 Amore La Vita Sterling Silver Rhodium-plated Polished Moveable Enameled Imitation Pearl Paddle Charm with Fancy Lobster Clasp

________________

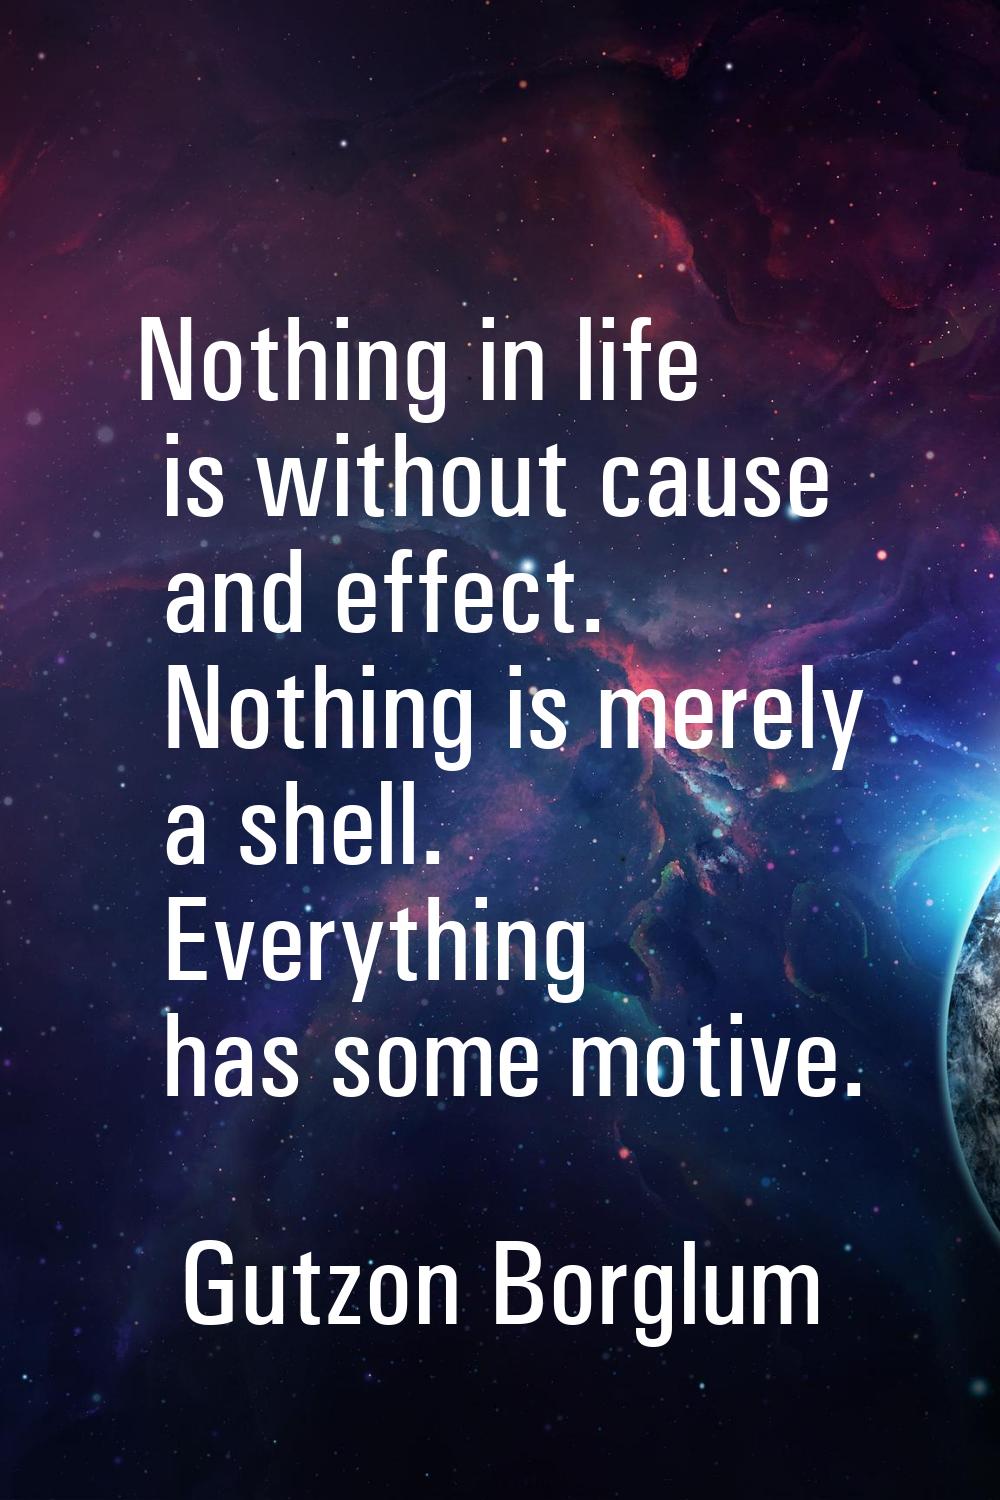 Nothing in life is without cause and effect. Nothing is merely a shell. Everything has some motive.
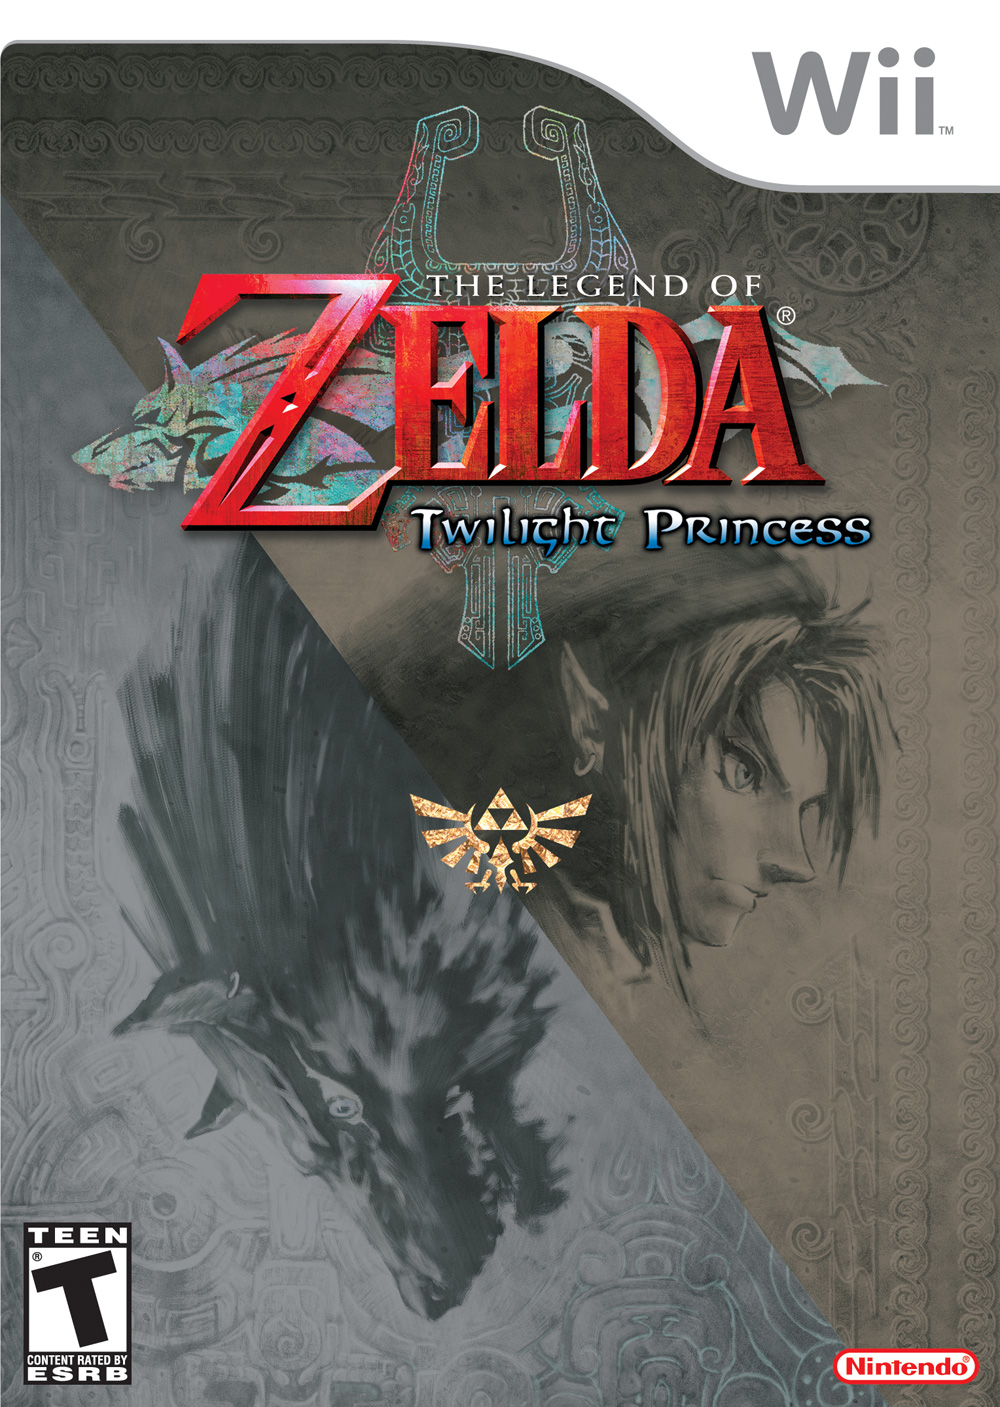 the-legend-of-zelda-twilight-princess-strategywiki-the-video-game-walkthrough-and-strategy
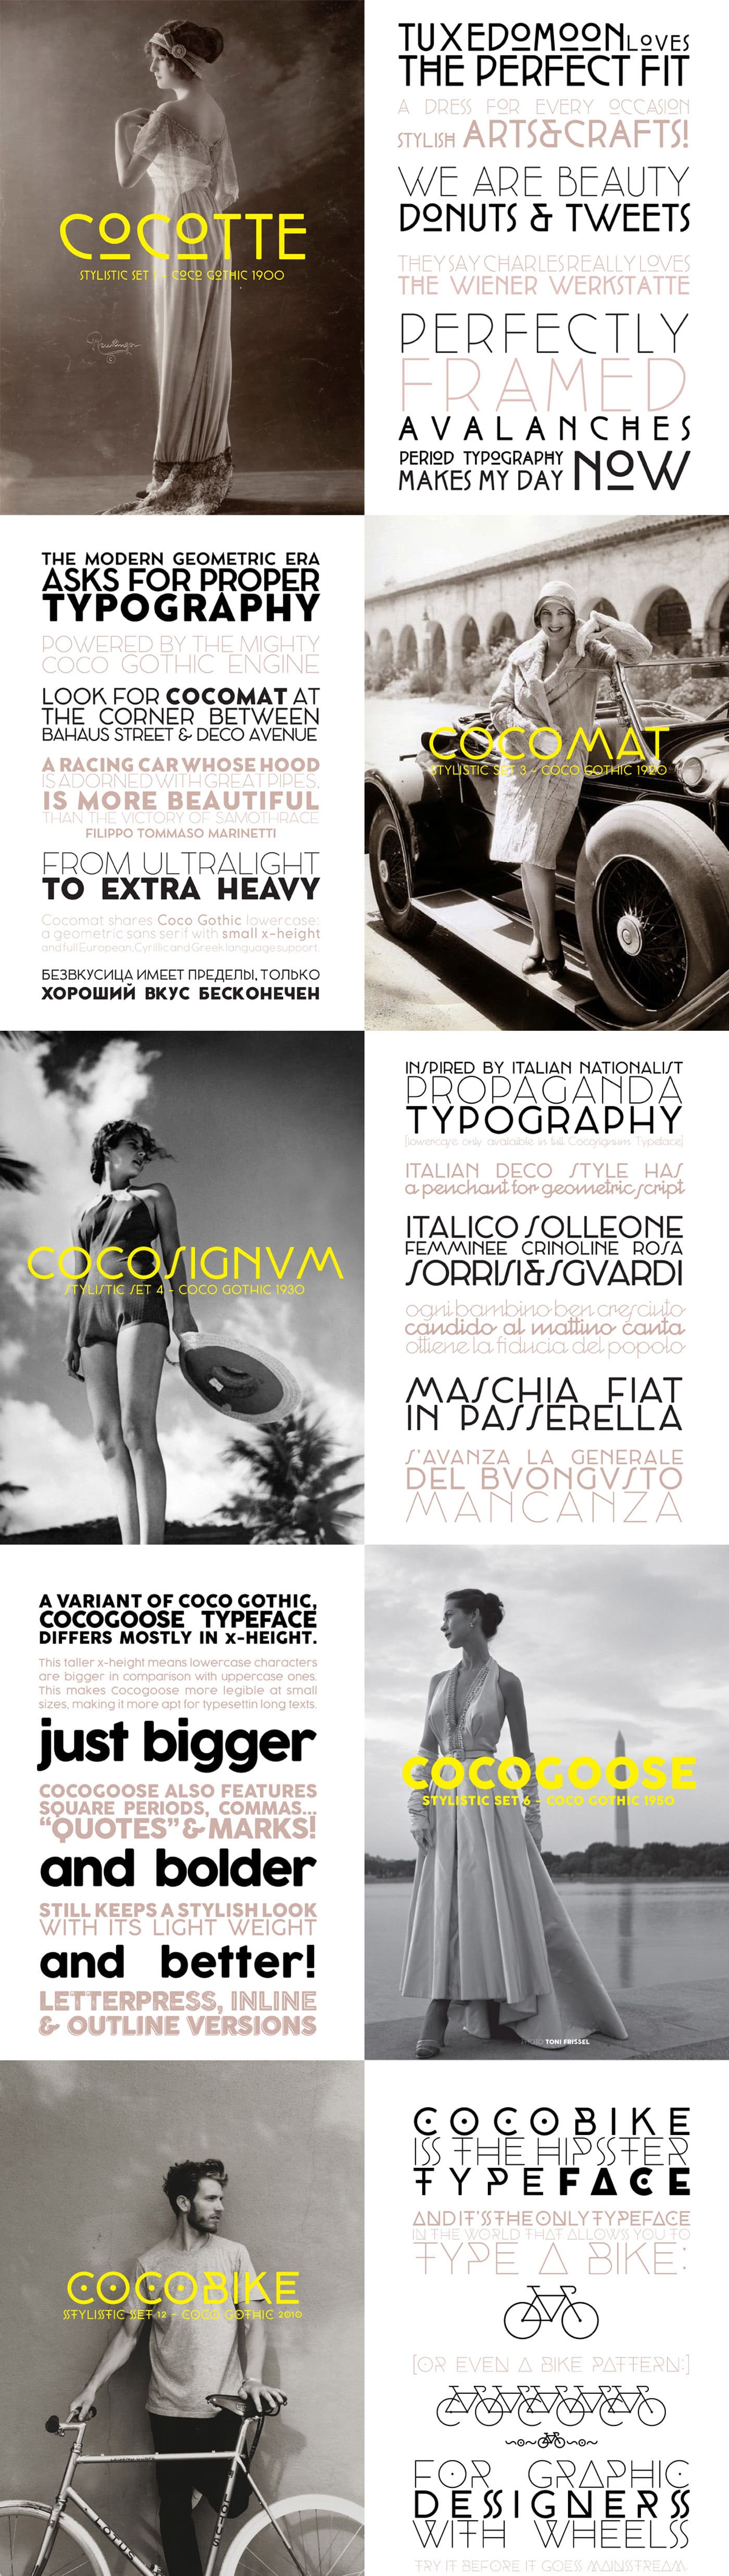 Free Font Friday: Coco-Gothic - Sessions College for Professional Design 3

________________

Restate word for word the lines of the data above that begin at the line with "Nothing in life" and end at the line with "Free Font Friday: Coco-Gothic", keeping both ends and dropping every picture.

=== ANSWER TO THIS EXERCISE ===
 Nothing in life is without cause and effect. Nothing is merely a shell. Everything has some motive.
 the-legend-of-zelda-twilight-princess-strategywiki-the-video-game-walkthrough-and-strategy
 Free Font Friday: Coco-Gothic - Sessions College for Professional Design 3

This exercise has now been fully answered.